Ermakov, however, assesses that the choice of the Tomahawk missile for the anti-shipping role is suspicious and believes that the US has escalatory intentions in hitting Chinese land targets.
“Neither official statements nor analytical materials explain why the Tomahawk was chosen for the anti-ship system.
“For an anti-ship missile, the Tomahawk is obsolete, but its surviving ground-attack capabilities may be the true reason for the Marine Corps to purchase such systems. By deploying off the Chinese coast under the guise of ‘defensive’ anti-ship weapons, the Marine Corps will receive stable means to attack Chinese territory,” Ermakov alleges.
But the Tomahawks also threaten Russia, according to Ermakov, as “one cannot rule out their future deployment in Europe or their sale to American allies under the guise of anti-ship (missiles).”
As mentioned earlier, the fact that the SM-6 version of the Typhon was tested under the European Command lends some credence to Ermakov’s claims.
This led Russian Defense Minister Sergei Shoigu to propose to Putin in February 2019 – when it was clear that the INF would fall apart – to start research and development to fire sea-based Kalibr missiles and medium and short-range hypersonic missiles from land.
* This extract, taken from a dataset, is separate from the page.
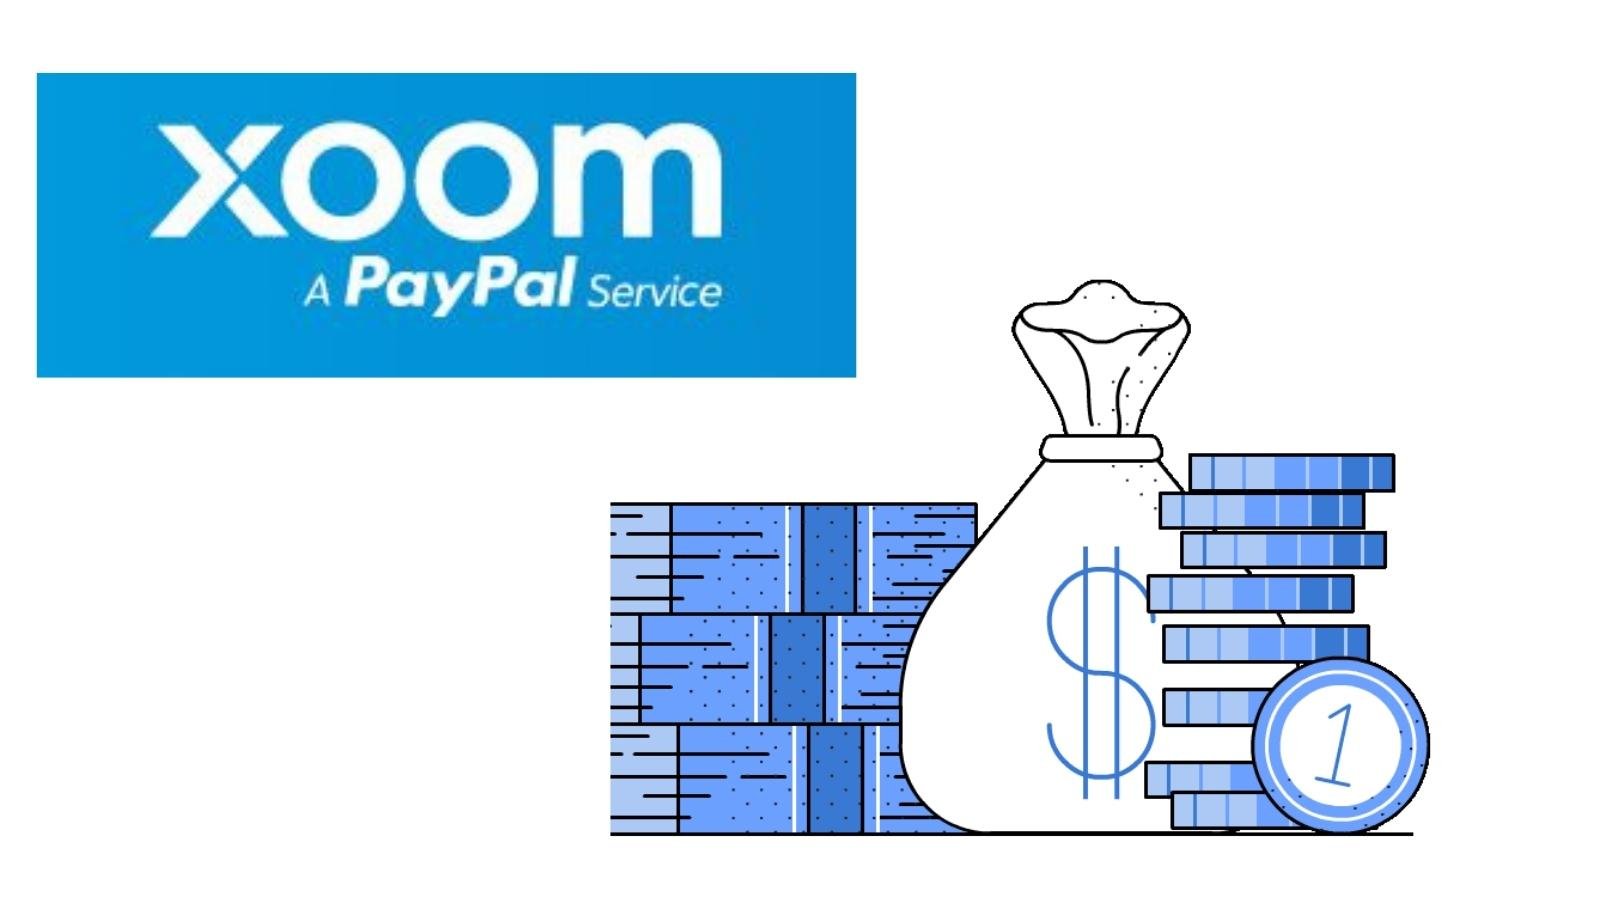 Xoom for international payments

According to the Kommersant report, the proposal’s fate is unknown. But it added that the US wanted a pretext to introduce land-attack missile systems with prohibited ranges and thus exited the INF Treaty, that freed up its hands.
The INF Treaty
The 1987 INF Treaty between the US and the former Union of Soviet Socialists Republics (USSR or the Soviet Union) banned the development and deployment of nuclear and conventional, cruise, and ballistic missiles with ranges of 500 to 5,000 kilometers.
The two countries subsequently destroyed a total of 2,692 short, medium, and intermediate-range missiles by the treaty’s implementation deadline of June 1, 1991, according to the Arms Control Association (ACA).
Following mutual accusations of violating the INF, the US exited the treaty under the then-President Donald Trump administration in August 2019.